I just open it. I'm like, "Oh. I don't want to be looking at this right now." And I immediately quit the app and put it away. Some people delete the app off their phone. Honestly, I should probably do that. By the middle two to three days, I'm thinking about the apps and social media a lot less. Just not really coming across my mind nearly as often in the day. And by the end of the seven days, I am loving life. I'm like, "Holy cow, look at the life that I've been missing. It's so good. It's so good." Yet, to be completely honest, by the end of the seven days, I'm kind of looking forward to getting back on social media just to see what happened. What did I miss while I was gone? And again, that's how they're designed, so it's just good for me to acknowledge that.

So, how can I do this when I run my business a lot through social media, or that is an important aspect of my business in connectivity, in engagement, all those things? Well, the cool thing is, is there are businesses and apps, outside of social media apps, or accounts that you can create that will actually post for you. So, what I do is I use Later.com, you can also use Planoly. Those are two organizations that allow you to create a profile, pre-plan your Instagram feed, and post to it automatically. I'm not even in the app and my feed is being updated, which is pretty awesome. I can just keep my engagement going, and I personally don't have to be engaging.

This is just where I am today in my journey. These are the habits that I have embraced right now in my life, where I take one hour a day, at least, where my phone's not in my reach, one day a week, where I rest my eyes from screens other than just basic communication, and one week a month, where I break from social media completely. I think it's incredibly important to treat this entire conversation and these habits as a journey, and to continually educate ourselves on this. Because social media is always changing. What's working for me now, might not be enough next year.

Technology's always changing. It's not up to the companies, it's not up to Instagram, and Facebook, and Twitter to change. It is up to you and me. We are in charge of our own lives, and if there's something that you don't like about your relationship with social media or technology, I am here to encourage you today it's up to you to do something about it.

There will always be things that we don't like about the world we live in, always.
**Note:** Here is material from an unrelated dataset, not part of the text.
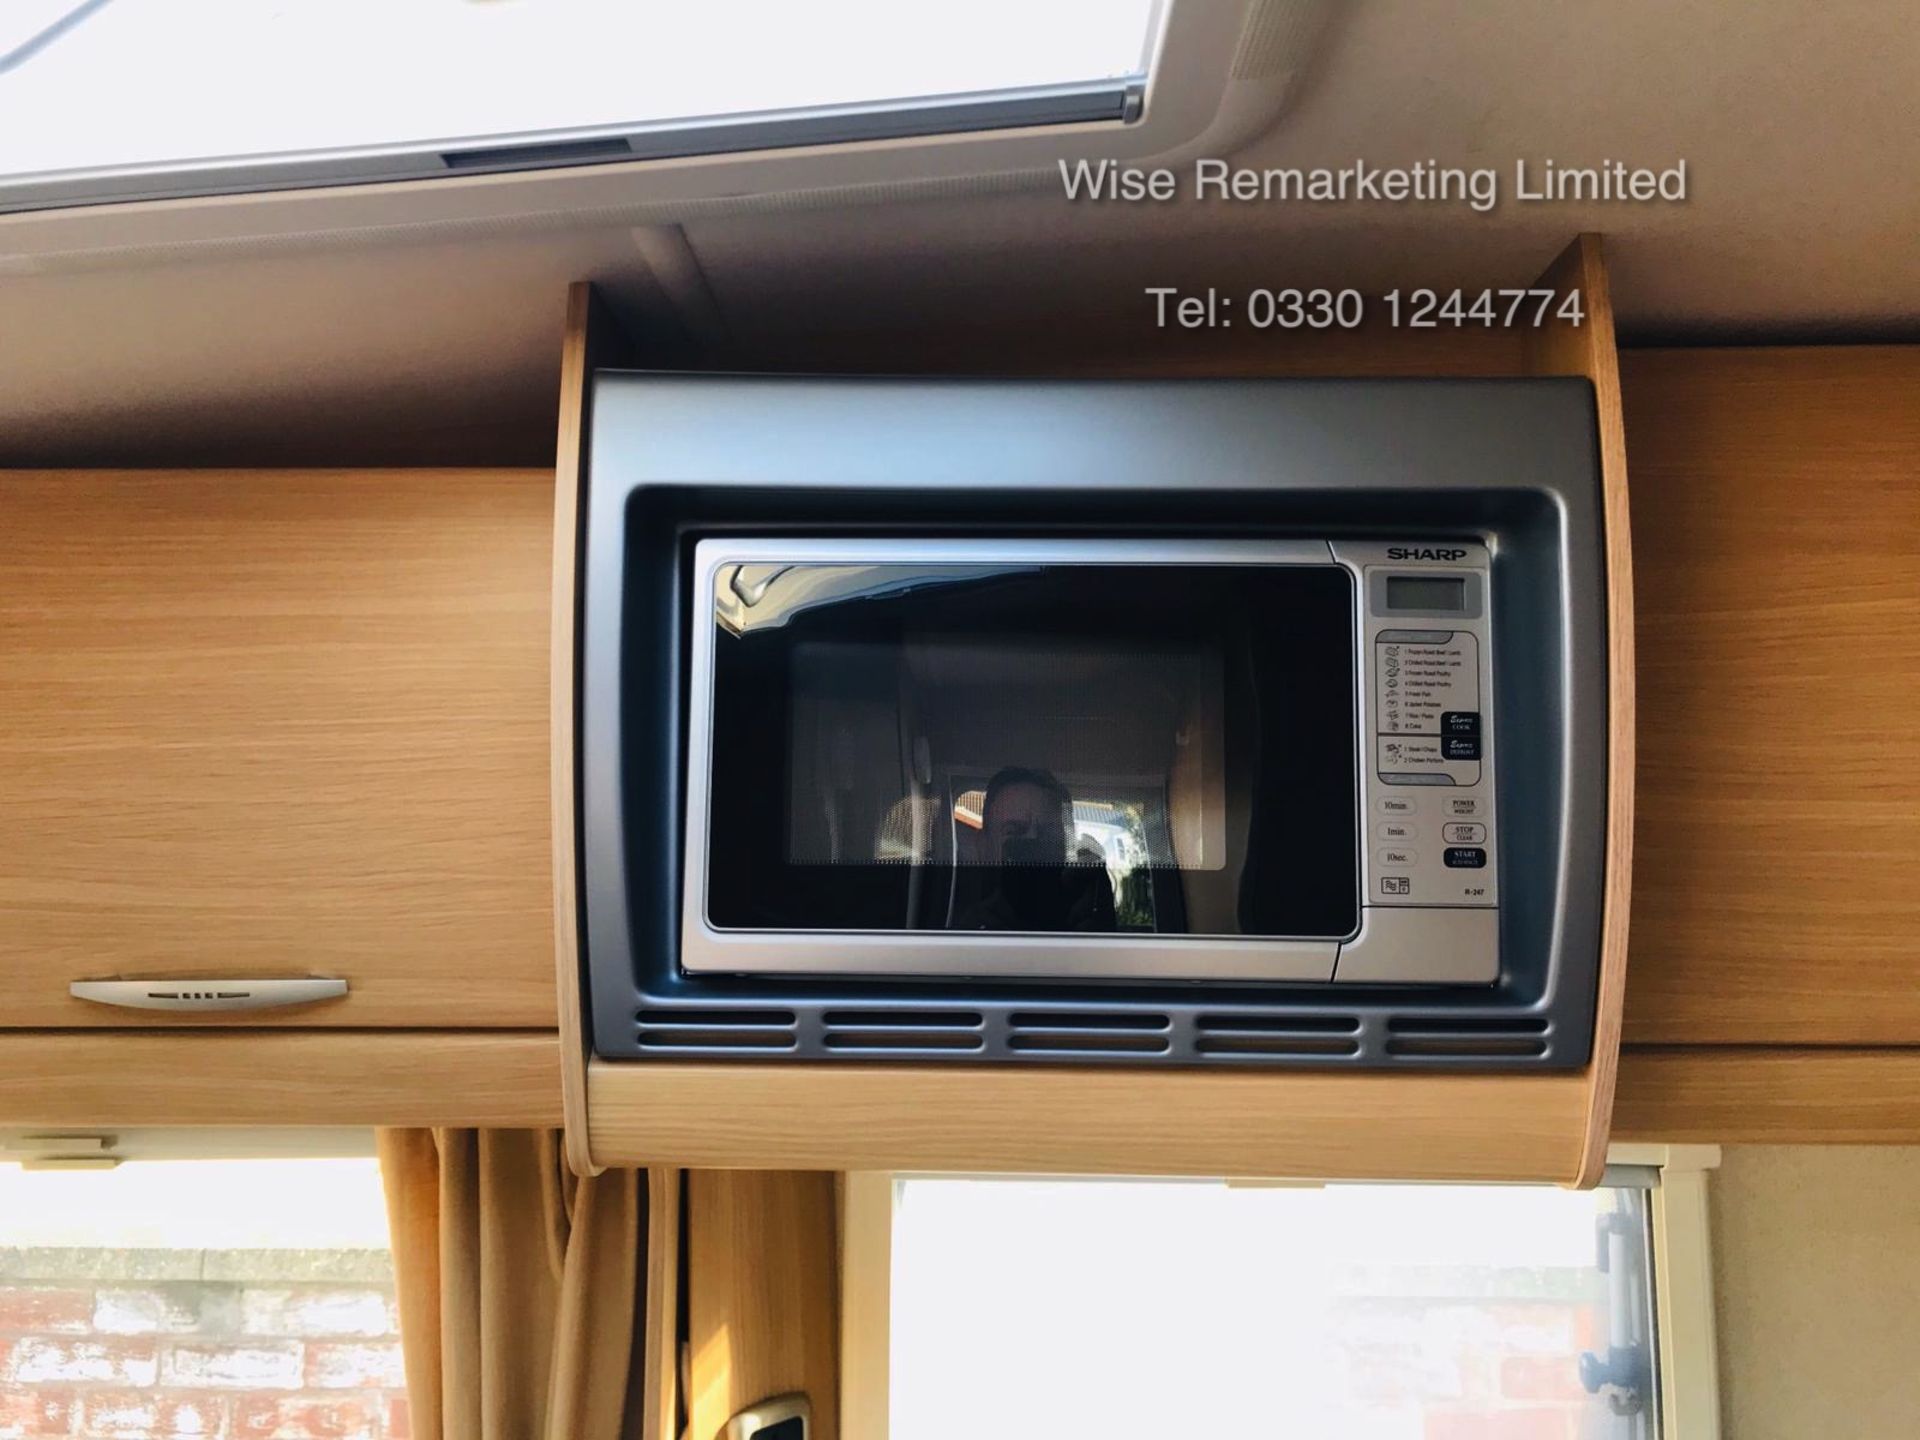 (RESERVE MET) Swift Abbey Freestyle 480 (4 Berth) Caravan - 2008 Model - 1 Former Keeper From New - Image 20 of 32

That's like a given. But we can change the way that we relate to the world. A lot of times it's hard. It feels like I'm swimming upstream, but again, that technology's going to creep in and take over if we don't put those boundaries in place.

So, what's next for me in this journey? Honestly, I want to read the book Digital Minimalism, which is by the author Cal Newport. I've read his book Deep Work, which is awesome. And from what I've heard about it, it does encourage you to take a month off to do kind of a social media detox of sorts, and then establish an extremely intentional plan in your relationship to media. I plan to read this next year sometime, it's part of the Nancy Ray Book Club, and I'm excited about it. Yes, it gets a little sticky when you run an online business, but for me, it's possible and it's absolutely worth it.

Thanks for listening to episode 12 of Work and Play with Nancy Ray.

This topic is hard, it's tricky, but it's also extremely important. It's part of our lives. And I hope that, more than anything, you've been encouraged to put your screens away, and then choose a walk or real conversation instead. Maybe your nudges won't look like mine. Maybe your nudges are social media free weekends or maybe you delete an app off your phone during the week. Maybe you turn off all notifications all the time like I do, which is also part of the boundaries I've set up in my own life. The point is to embrace habits or nudges that lead you to the fullest life, living fully awake and aware of the life that's being lived right in front of you.

Everything I've mentioned today can be found in the show notes at NancyRay.com/Podcast/12, and you can find me at NancyRay.com or follow me @NancyRay on Instagram or Facebook almost daily. I'm going to close with words from Cal Newport, 

"Simply put, humans are not wired to be constantly wired."